_Problem_: Extract the lines that carry the string "George" from the listing.

_Supplied data_:
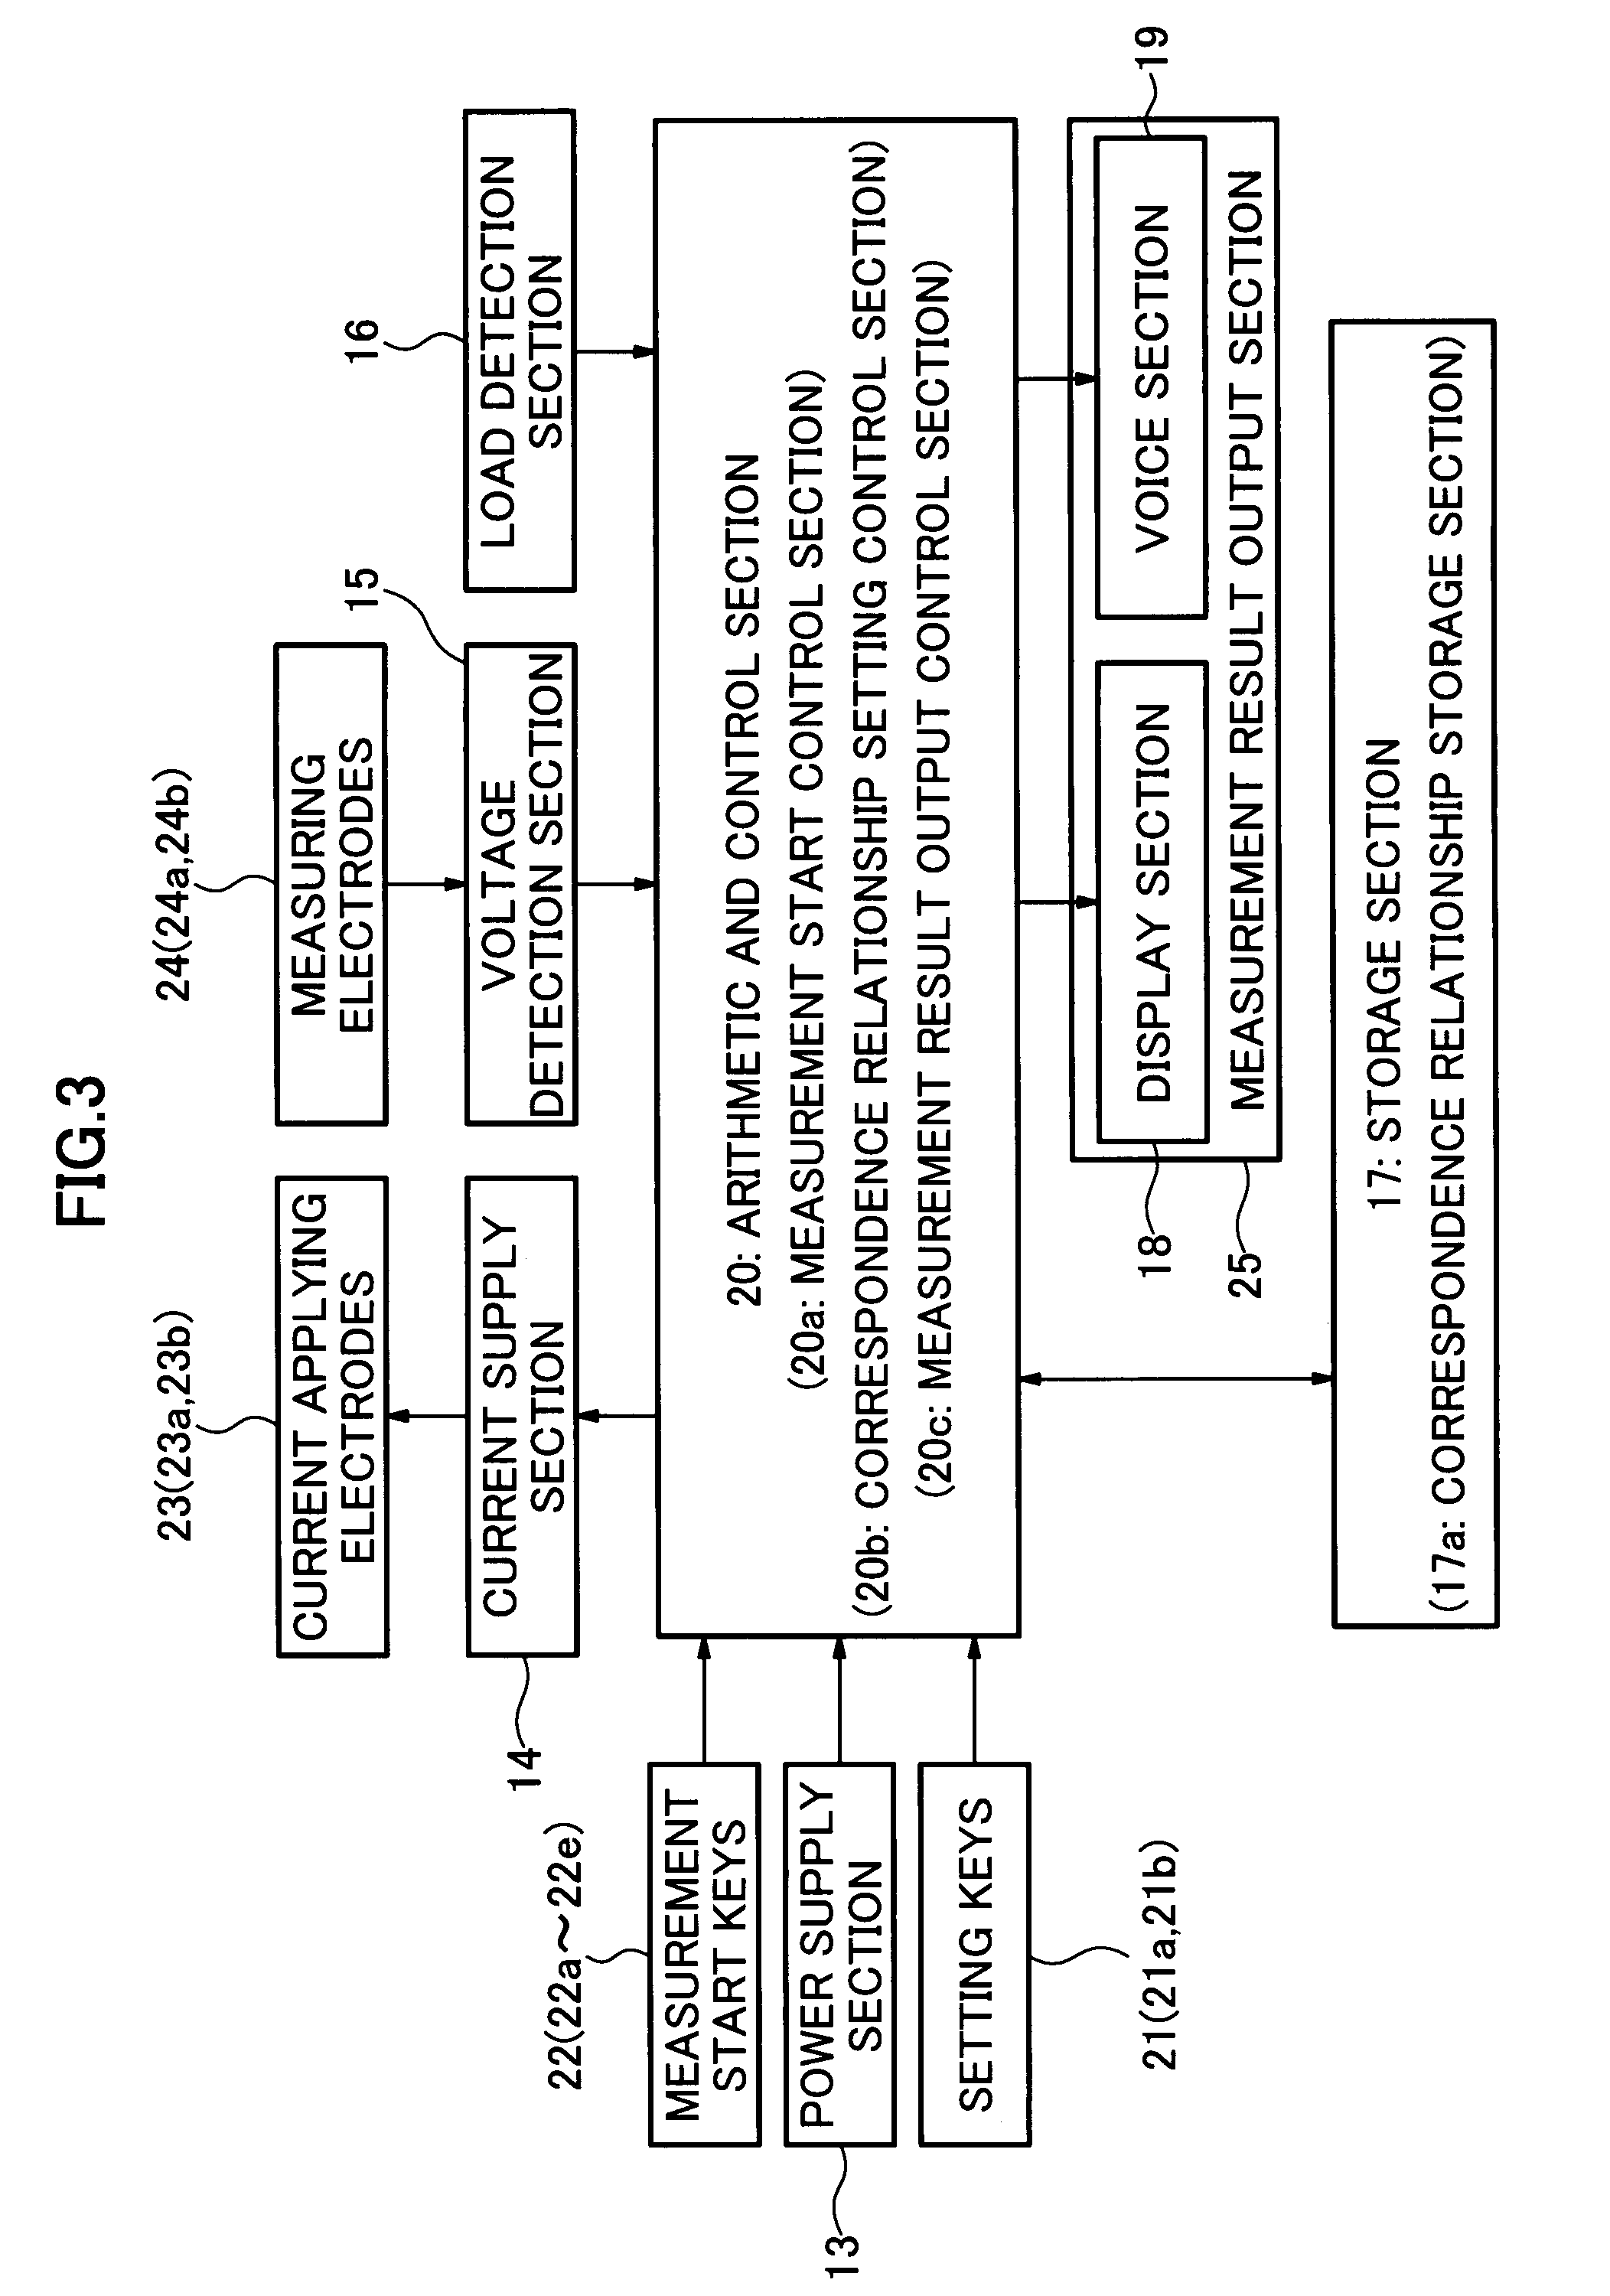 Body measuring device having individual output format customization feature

...

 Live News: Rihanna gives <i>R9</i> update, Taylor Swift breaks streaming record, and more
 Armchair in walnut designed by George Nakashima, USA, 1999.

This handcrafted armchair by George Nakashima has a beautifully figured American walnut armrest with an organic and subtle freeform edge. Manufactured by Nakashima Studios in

_Task solution_:
 Armchair in walnut designed by George Nakashima, USA, 1999.
This handcrafted armchair by George Nakashima has a beautifully figured American walnut armrest with an organic and subtle freeform edge. Manufactured by Nakashima Studios in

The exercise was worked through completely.